The result is that everyone is connected to everyone else. Even the newest of Residents is immediately hooked into someone else .. usually someone they didn’t know before they joined Second Life. And that web of inter-connection continues to grow the longer they stay. From the beginnings of their own personal look for their Avatar, to their clothing, their housing, their ever-growing Objects folder of stuff they bought because it “looked neat” … everyone is hooked into everyone else. And it’s that sticky ever-growing web that also keeps them coming back for more.


The four new titles that Rod has shoved out the LL doors will have a run at success .. no doubt or argument there. But the example of real success that he should have drawn from in its entirety, is instead the thing he seems to have discounted and discarded. By imbuing his new products with End-user created content, he has fired an arrow at what he perceives to be the magical bullseye and hit it too. But I predict it’s the wrong target.

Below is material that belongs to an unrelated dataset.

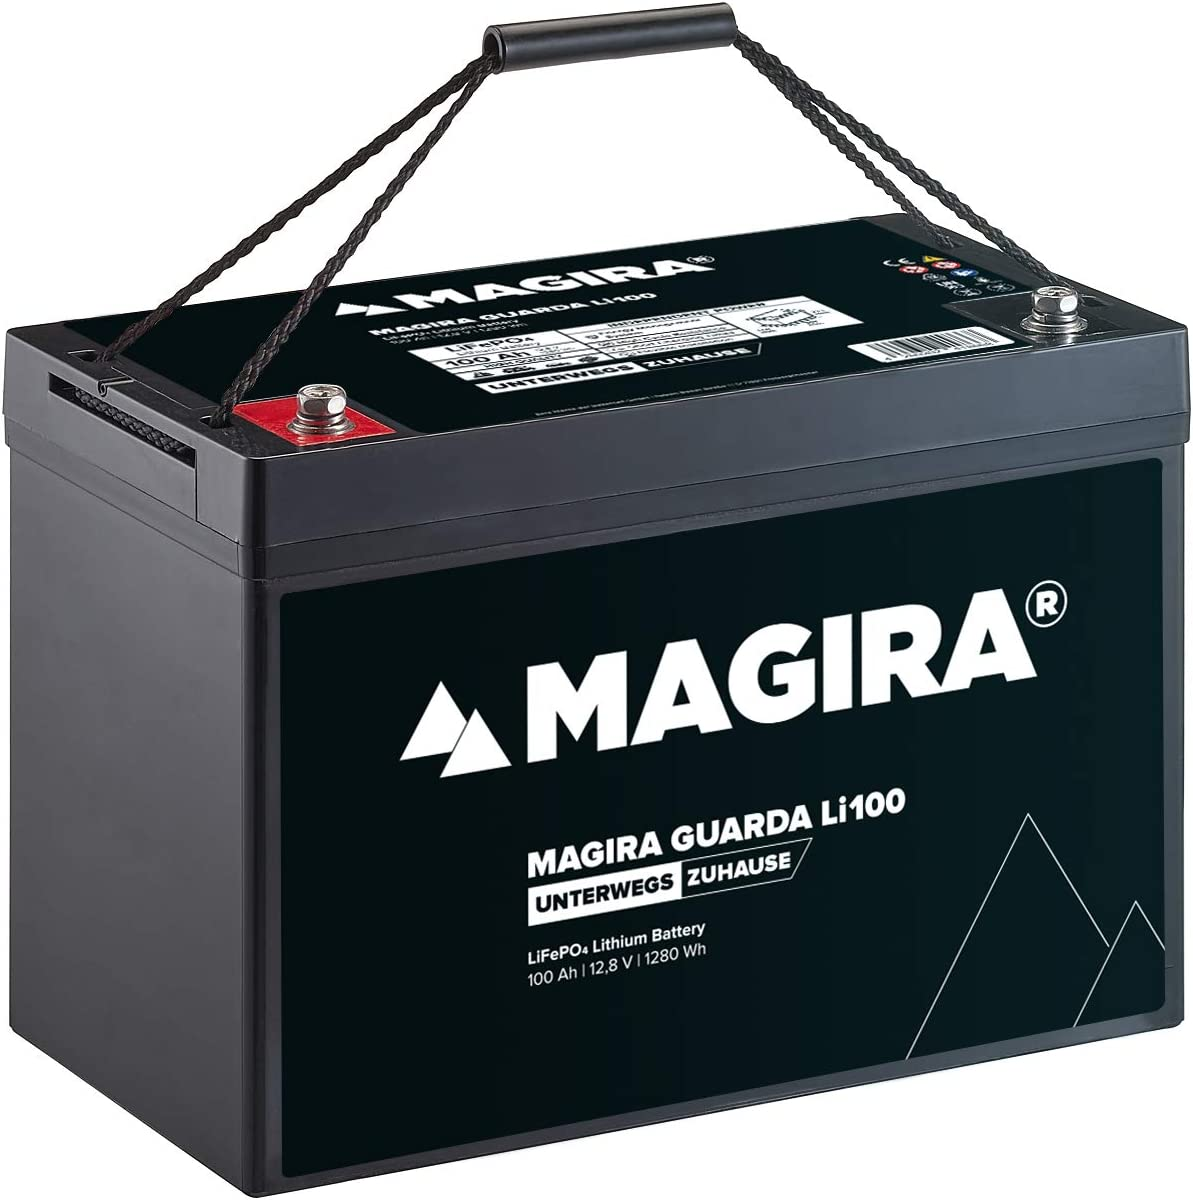 Magira 12v 100ah Lifepo4 Lithium Eisenphosphat Versorgungsbatterie Guarda Li100 Auto

I’ve already predicted the death of Second Life; I did so not long ago on this blog. I’ll not retreat from that prediction here either. But I believe that end will come about because Rod’s selection of the wrong target will eventually force his hand into stealing more and more resources to shore up the declining success of his newest ventures. Rather than recognize the full blueprint for success that is now and always has been in Second Life, he will continue to throw the kitchen sink at the pure End-user Created Content target and wind up wasting the talents and efforts that could (and really should) be poured into rejuvenating Second Life.

But .. as always .. only time will tell.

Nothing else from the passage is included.